* WORK INSTRUCTIONS
The reply should be an exact repeat of the listing, with no pictures in it.

* PROVIDED DATA
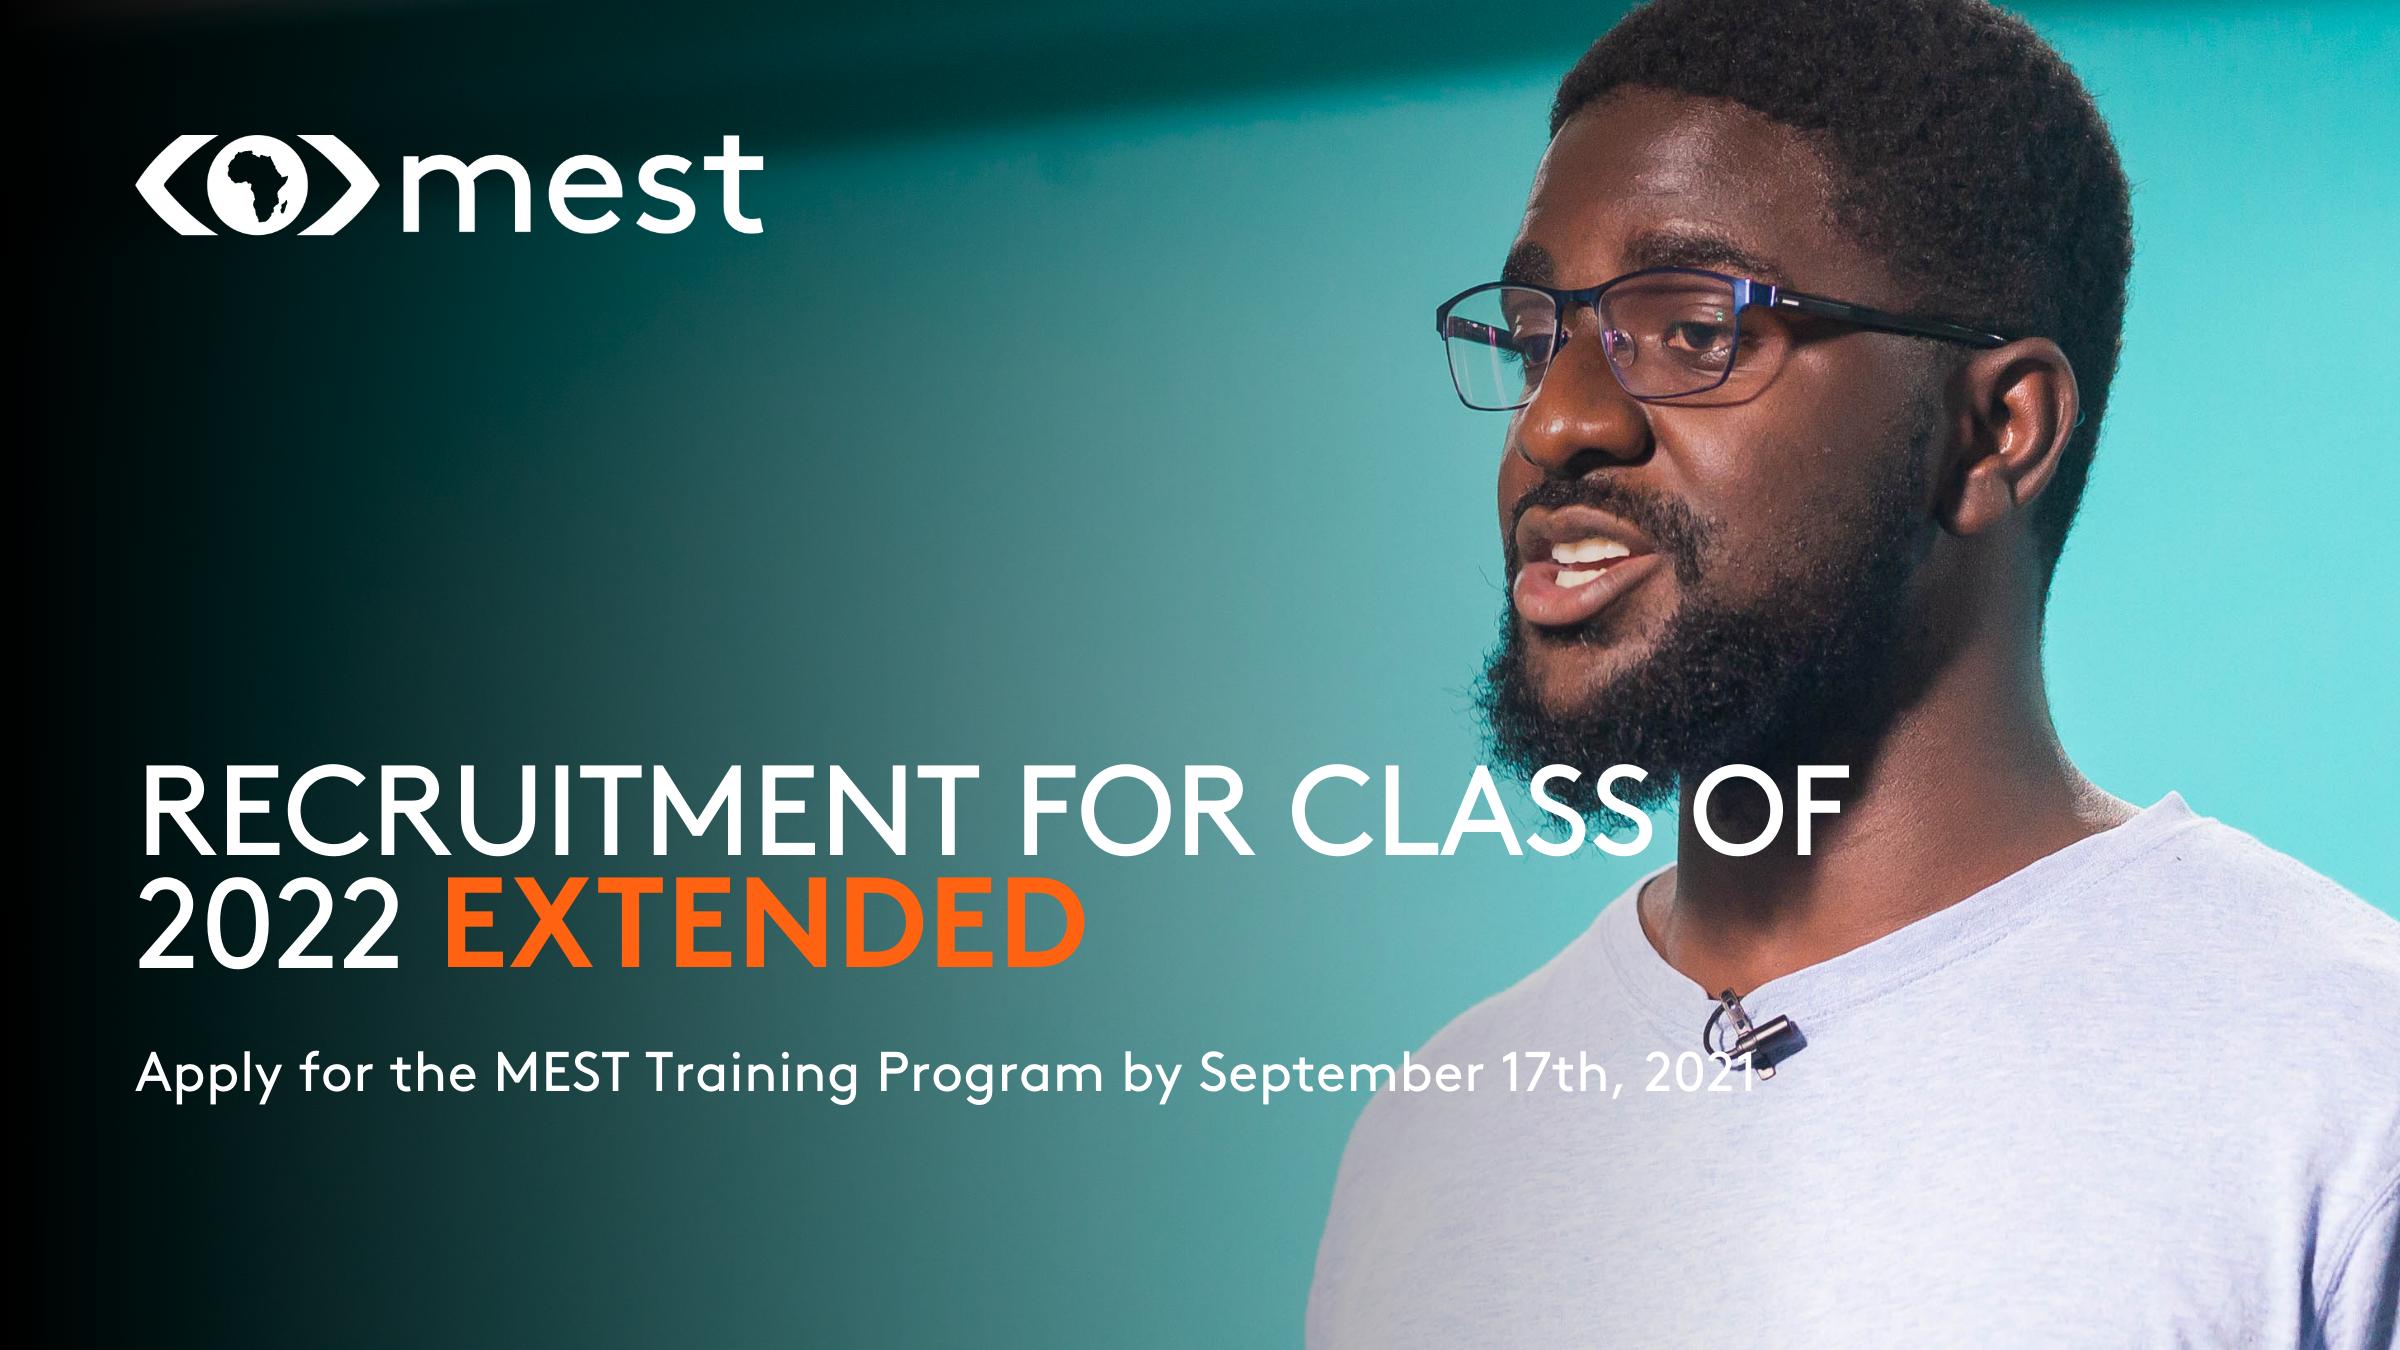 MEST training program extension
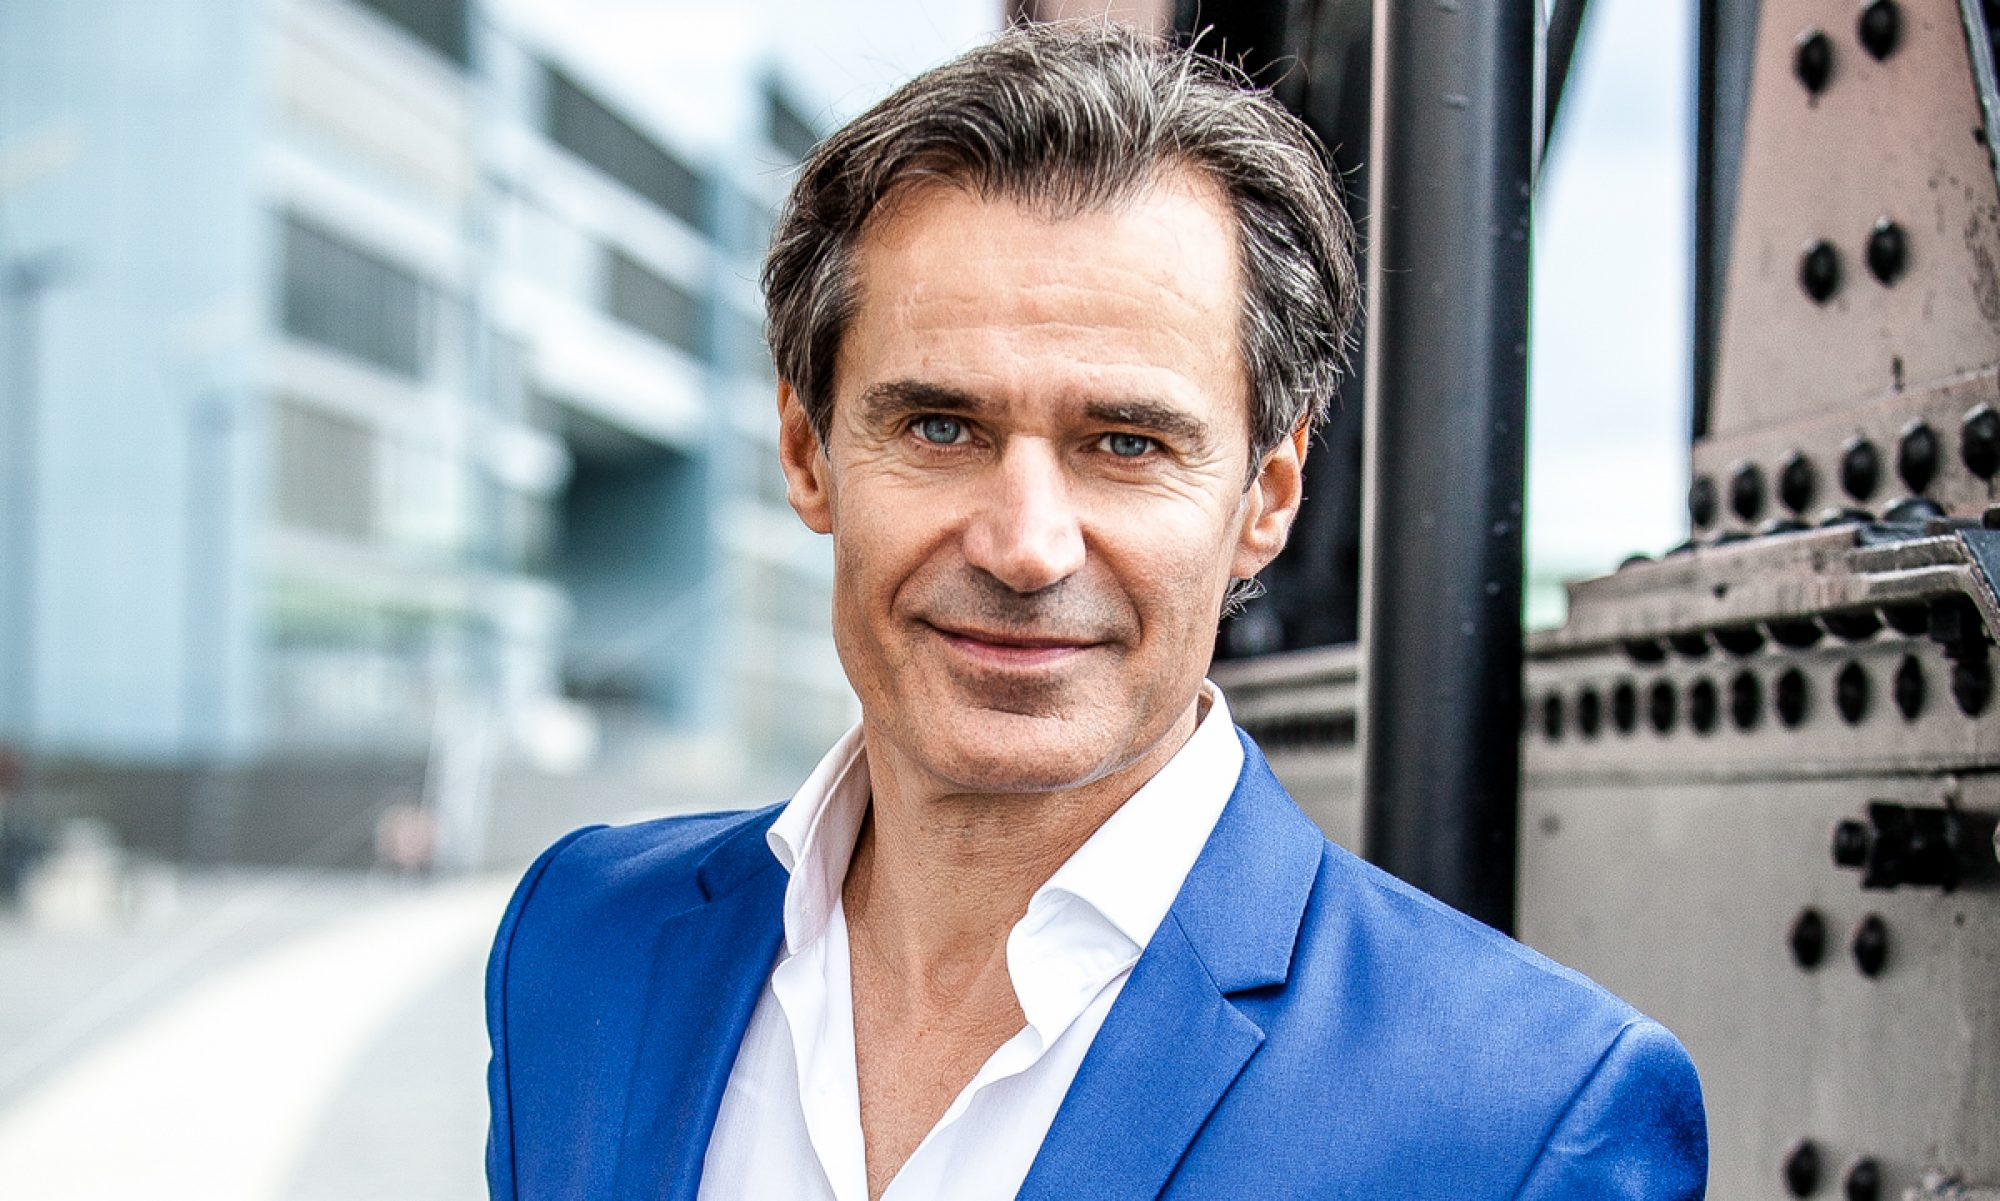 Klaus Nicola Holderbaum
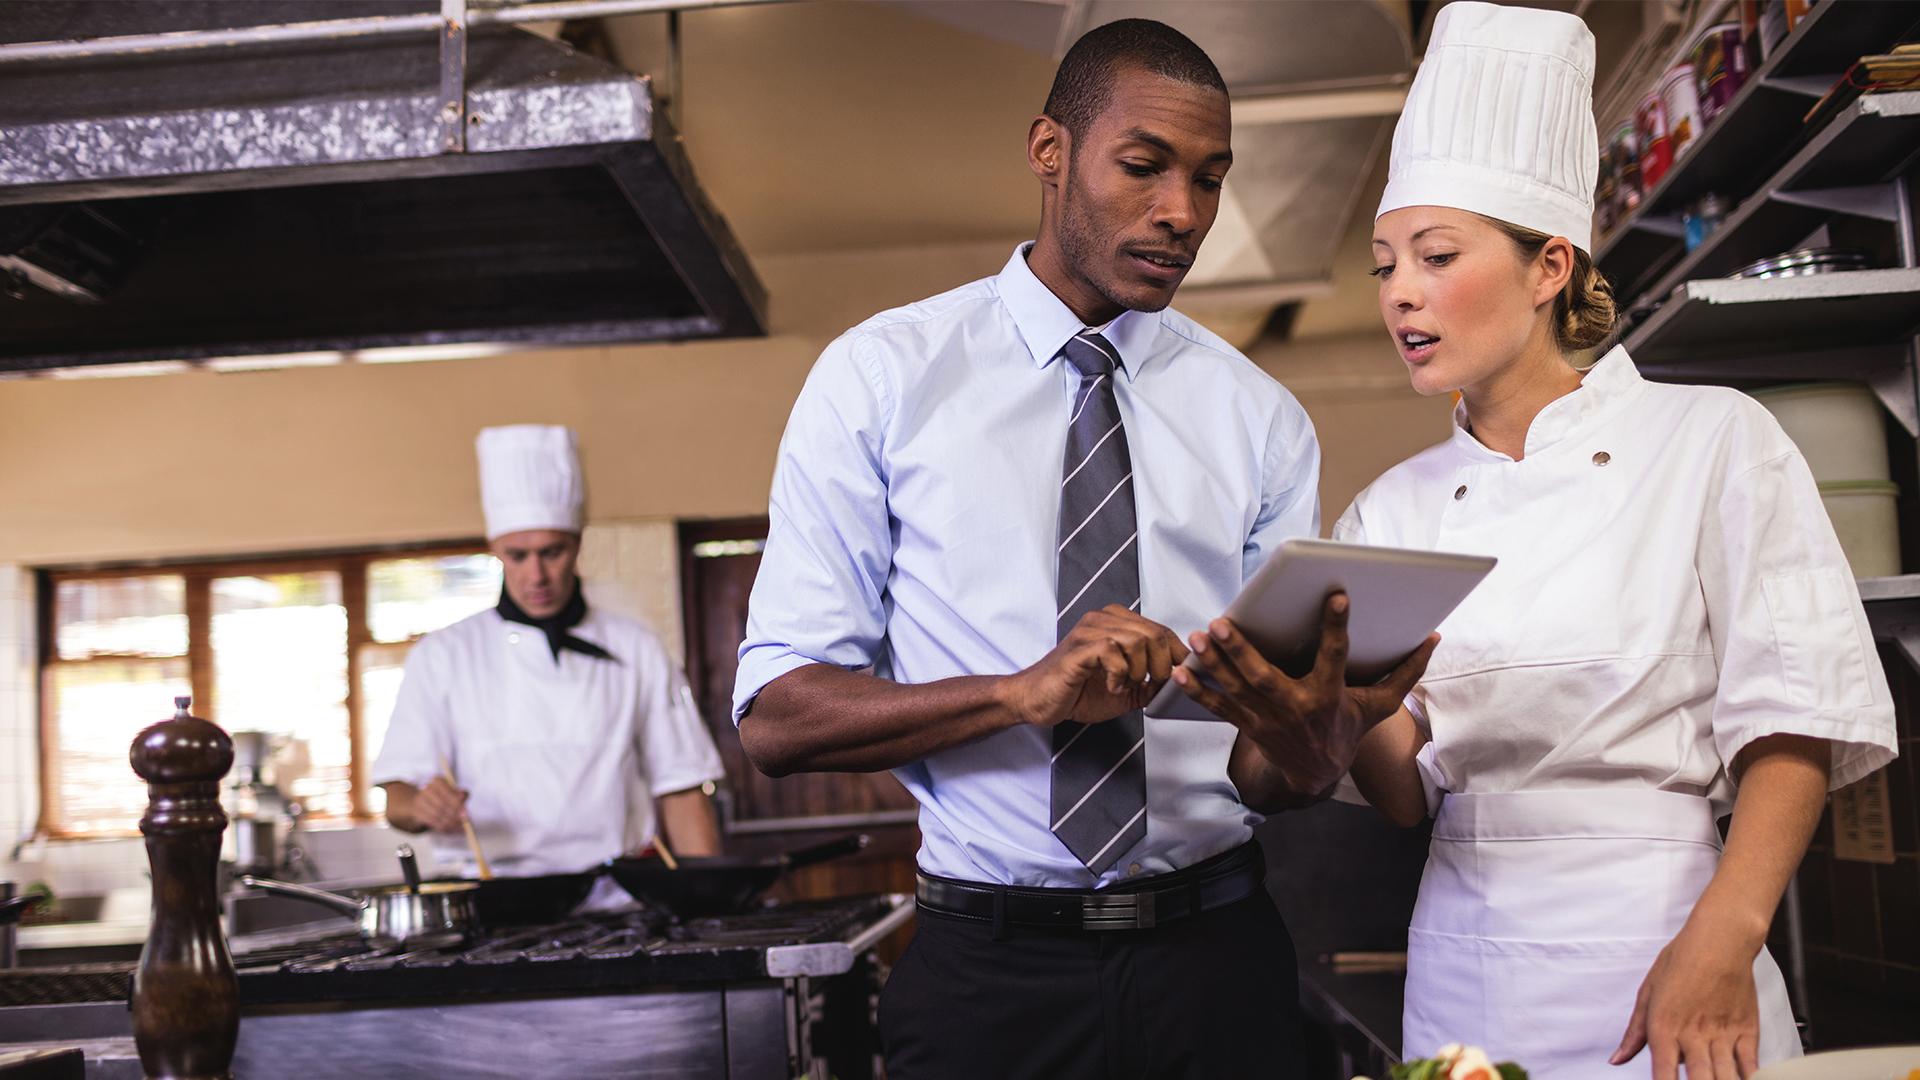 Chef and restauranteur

* OUTPUT FOR THIS EXERCISE
 MEST training program extension
 Klaus Nicola Holderbaum
 Chef and restauranteur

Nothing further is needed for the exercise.